SIMD Intrinsics: From SSE to AVX2 in Practice

Modern CPUs have wide vector units capable of executing the same operation across multiple data elements at once. Compiler auto-vectorization handles the simple cases, but when you need precise control—special data layouts, mixed operations, or custom reductions—SIMD intrinsics become essential. This post explains the basics of SSE/AVX intrinsics, walks through a few examples, and points out when the low-level approach pays off.

Why Intrinsics Exist

  • Hardware has moved faster than compilers: Since Intel’s Pentium III (1999) introduced SSE, CPUs have steadily widened their vector units. AVX (2011) and AVX2 (2013) doubled the width to 256 bits, but compilers do not always auto-vectorize real-world loops (non-contiguous memory, conditionals, or custom reductions).
  • Predictable performance: Intrinsics let you choose the exact instruction sequence, avoiding surprises from changing compiler heuristics or optimization levels.
  • Access to specialty instructions: Saturating arithmetic, horizontal adds, fused multiply-add, and gathers are not always emitted automatically.
  • Portability by design: You can detect CPU features at runtime (CPUID) or compile-time (__AVX2__) and dispatch to the best kernel; the scalar fallback keeps the program running on older hardware.

ISA Support Cheat Sheet

Instruction Set Register Width First Intel CPU First AMD CPU Typical Flag
SSE 128-bit Pentium III (Katmai, 1999) Athlon 64 (2003) -msse (implied by modern compilers)
SSE2 128-bit Pentium 4 (Willamette, 2000) Athlon 64 (2003) -msse2
SSE3 / SSSE3 128-bit Pentium 4 Prescott (2004) / Core 2 (2006) Phenom (2007) -msse3, -mssse3
SSE4.1 / 4.2 128-bit Penryn / Nehalem (2007/2008) Bulldozer (2011) -msse4.1, -msse4.2
AVX 256-bit Sandy Bridge (2011) Bulldozer (2011) -mavx
AVX2 256-bit Haswell (2013) Excavator (2015) -mavx2
FMA3 256-bit Haswell (2013) Piledriver (2012) -mfma
AVX-512 512-bit Xeon Phi / Skylake-SP (2016) — (limited Zen 4, 2022) -mavx512f

Use runtime checks (std::bitset over CPUID, or libraries like cpu_features) to select the highest ISA available on the user’s machine.

Intrinsics Primer

  • SIMD: Single Instruction, Multiple Data. One instruction, many elements.
  • SSE: 128-bit vectors (4 floats or 2 doubles).
  • AVX / AVX2: 256-bit vectors (8 floats or 4 doubles). AVX2 adds full integer support and gather instructions.
  • AVX-512: 512-bit vectors, masks, more complex ops (not the focus here but worth knowing).

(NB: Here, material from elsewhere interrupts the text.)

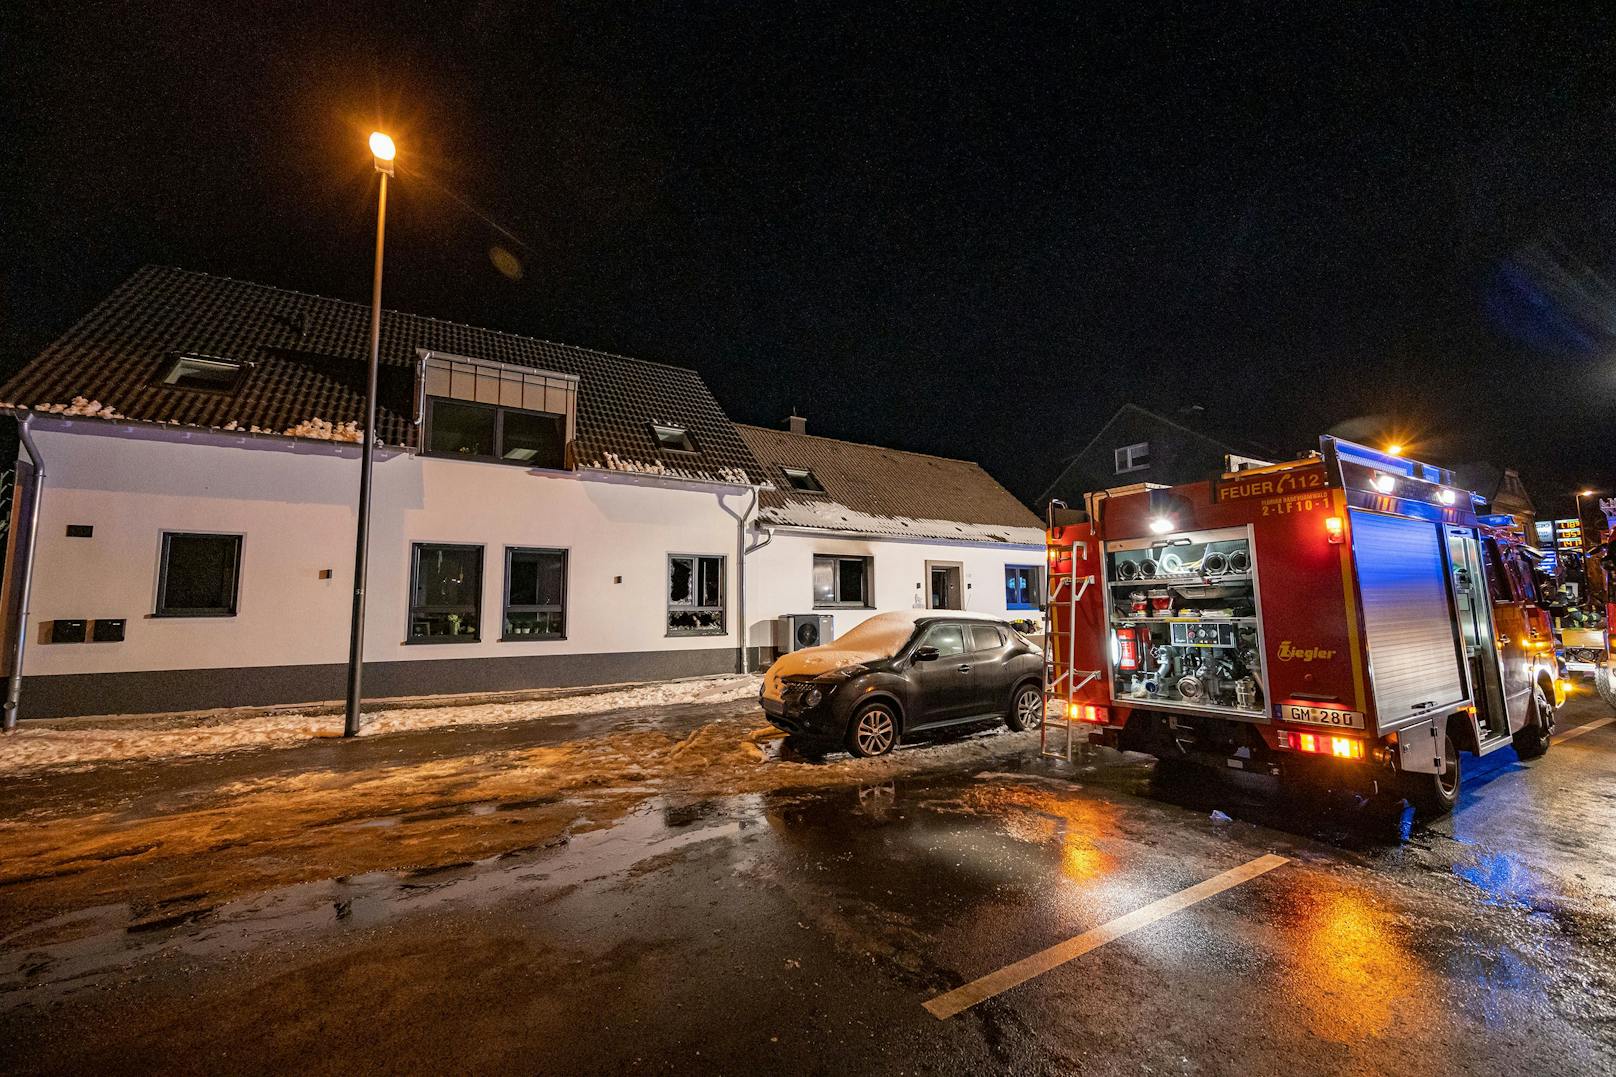 Nach einem Wohnungsbrand im Bergischen Land (Nordrhein-Westfalen) wurden fünf Leichen entdeckt. Es soll sich um einen Mann, seine Frau und deren zwei Kinder sowie ein weiteres Familienmitglied handeln.

Intrinsics are C/C++ functions that map almost one-to-one to assembly instructions. The header includes give you access to specific instruction sets:

  • <xmmintrin.h> for SSE
  • <emmintrin.h> for SSE2
  • <immintrin.h> for AVX, AVX2, AVX-512 (includes the earlier sets)

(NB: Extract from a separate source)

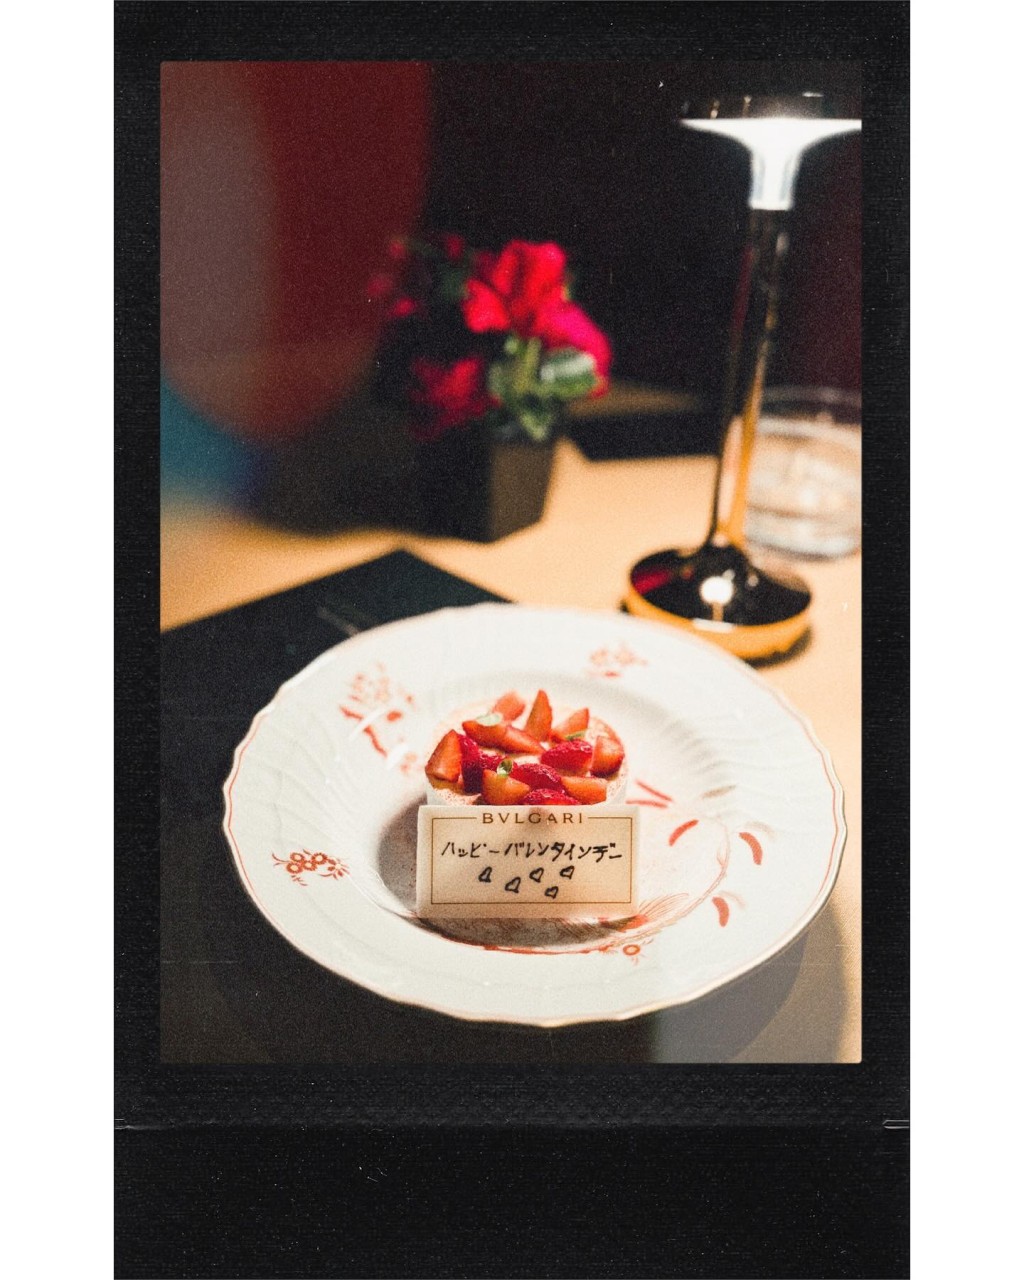 其中一件甜品更用日文写上「情人节快乐」，可见照片是早前蒋家旻在日本欢度情人节时拍下的。

Check your compiler flags (-msse2, -mavx, -mavx2) and target CPU before relying on these features.

Example: Vector Addition with AVX

#include <immintrin.h>

void add_avx(const float* a, const float* b, float* c, std::size_t n) {
    std::size_t i = 0;
    for (; i + 8 <= n; i += 8) {
        __m256 va = _mm256_loadu_ps(a + i);
        __m256 vb = _mm256_loadu_ps(b + i);
        __m256 vc = _mm256_add_ps(va, vb);
        _mm256_storeu_ps(c + i, vc);
    }
    for (; i < n; ++i) {
        c[i] = a[i] + b[i];
    }
}
  • _mm256_loadu_ps loads 8 floats (unaligned) into a 256-bit register.
  • _mm256_add_ps performs element-wise addition.
  • _mm256_storeu_ps writes the result back.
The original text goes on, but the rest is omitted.